# How often do your snakes poop?



## drake84 (May 27, 2011)

Hey all...

Just thought I would ask about this because I seem to be cleaning up almost every day.

My Woma Python is now 6 months old and is on 1 fuzzy rat every 7 days and is probably almost ready to move up to a Hopper, but I always thought that after they eat they poo about 4-5 days after eating. My little guy does it 2 days after eating, then I clean his enclosure (on paper at the moment in click clack so it all has to go) and then the next day he pees, and again the next day so that's another 2 clean ups then I get a day off sometimes 2 and then he poos again. To make things worse he always does it in his hide so he sleeps in it.

Anyone else's snake poo and wee this much?

Drake


----------



## holdenman_89 (May 27, 2011)

haha its a pain cleaning it up sometimes too bad they cant do it themselves...i know my bredli boy does it usually a few days after sometimes longer but as he is larger/older than yours he is on kritters crumble so his pee soaks in and the poo is easy cleaning.

i think it sounds normal, in saying that i am no "expert"


----------



## KaotikJezta (May 27, 2011)

I have the opposite problem with my womas, they do it every 2-3 weeks. I am constantly worrying they are compacted and just when they have totally freaked me out and I am considering the vet, bang, out it pops.


----------



## holdenman_89 (May 27, 2011)

kaotikjezta said:


> I have the opposite problem with my womas, they do it every 2-3 weeks. I am constantly worrying they are compacted and just when they have totally freaked me out and I am considering the vet, bang, out it pops.



i get that sometimes too...not as long as 2-3 weeks but long enough to worry.


----------



## $NaKe PiMp (May 27, 2011)

when they feel like it


----------



## holdenman_89 (May 27, 2011)

^^^ nice answer pimp...probably the most obvious too haha


----------



## Smithers (May 27, 2011)

After every feed.


----------



## Bluetongue1 (May 27, 2011)

Drake,

That certainly does not sound normal to me. He should not be pooing that soon and should not be passing that amount of moisture either. 

Skip a feed and see what happens. There should be no further excrement produced. If there is, let me know. Skip a second feed. 
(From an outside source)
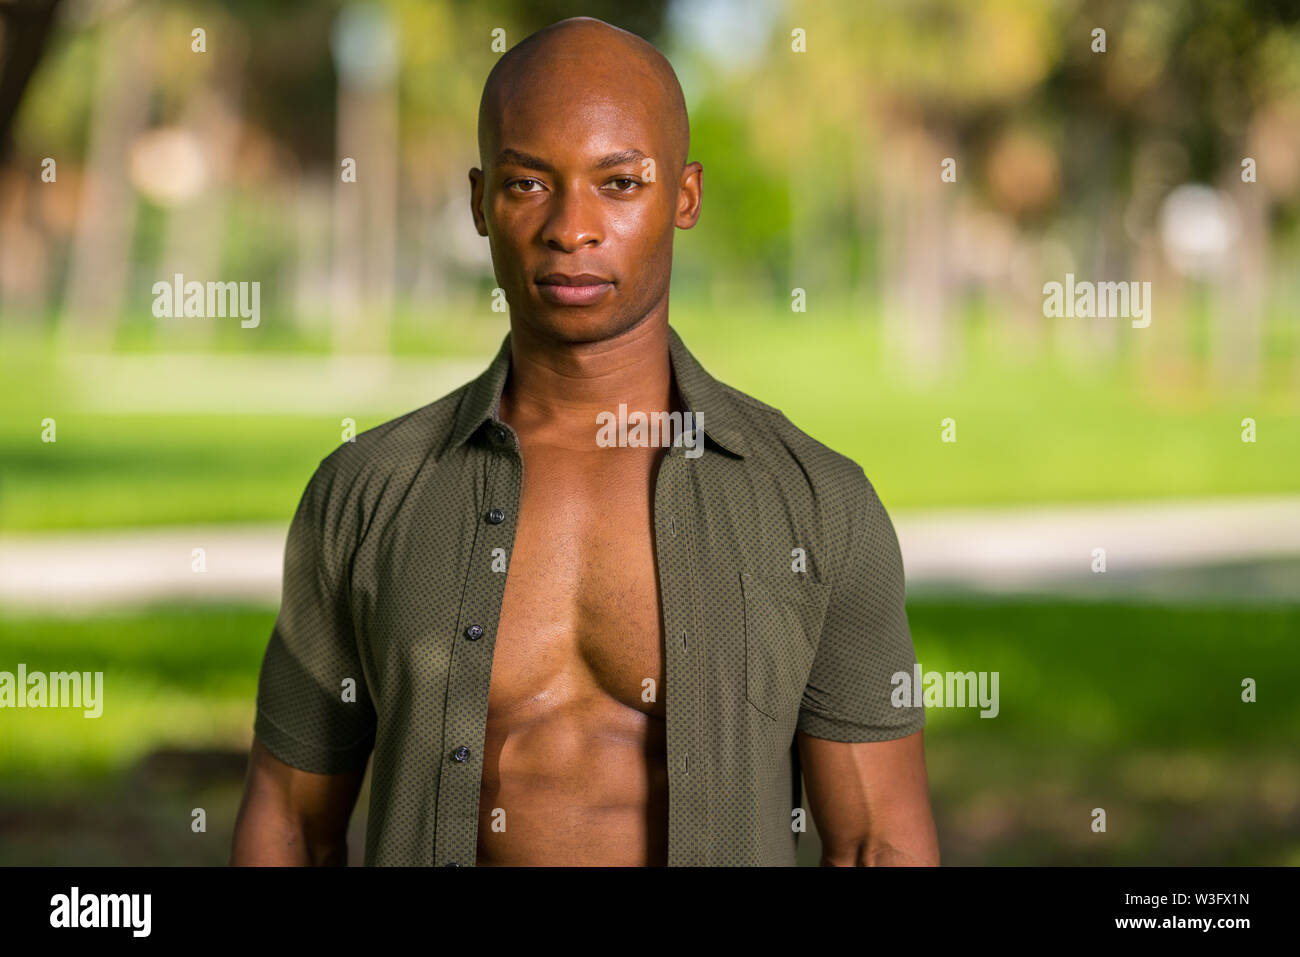 Portrait of an attractive bald young black man with shirt unbuttoned to show muscular chest Stock Photo

Then go back to the normal feeding routine. I would expect to see a longer time until he poos – the 4 to 5 days you mentioned which can be 4 to 8 or 9 days. If the improvement does not last, you should have a vet do a faecal examine to ascertain whether there are bugs in his gut causing the problem.

Have you checked the humidity of its enclosure? It may be too high. It sounds to me like you are probably feeding wet thawed. Try feeding dry thawed and see if that makes any difference.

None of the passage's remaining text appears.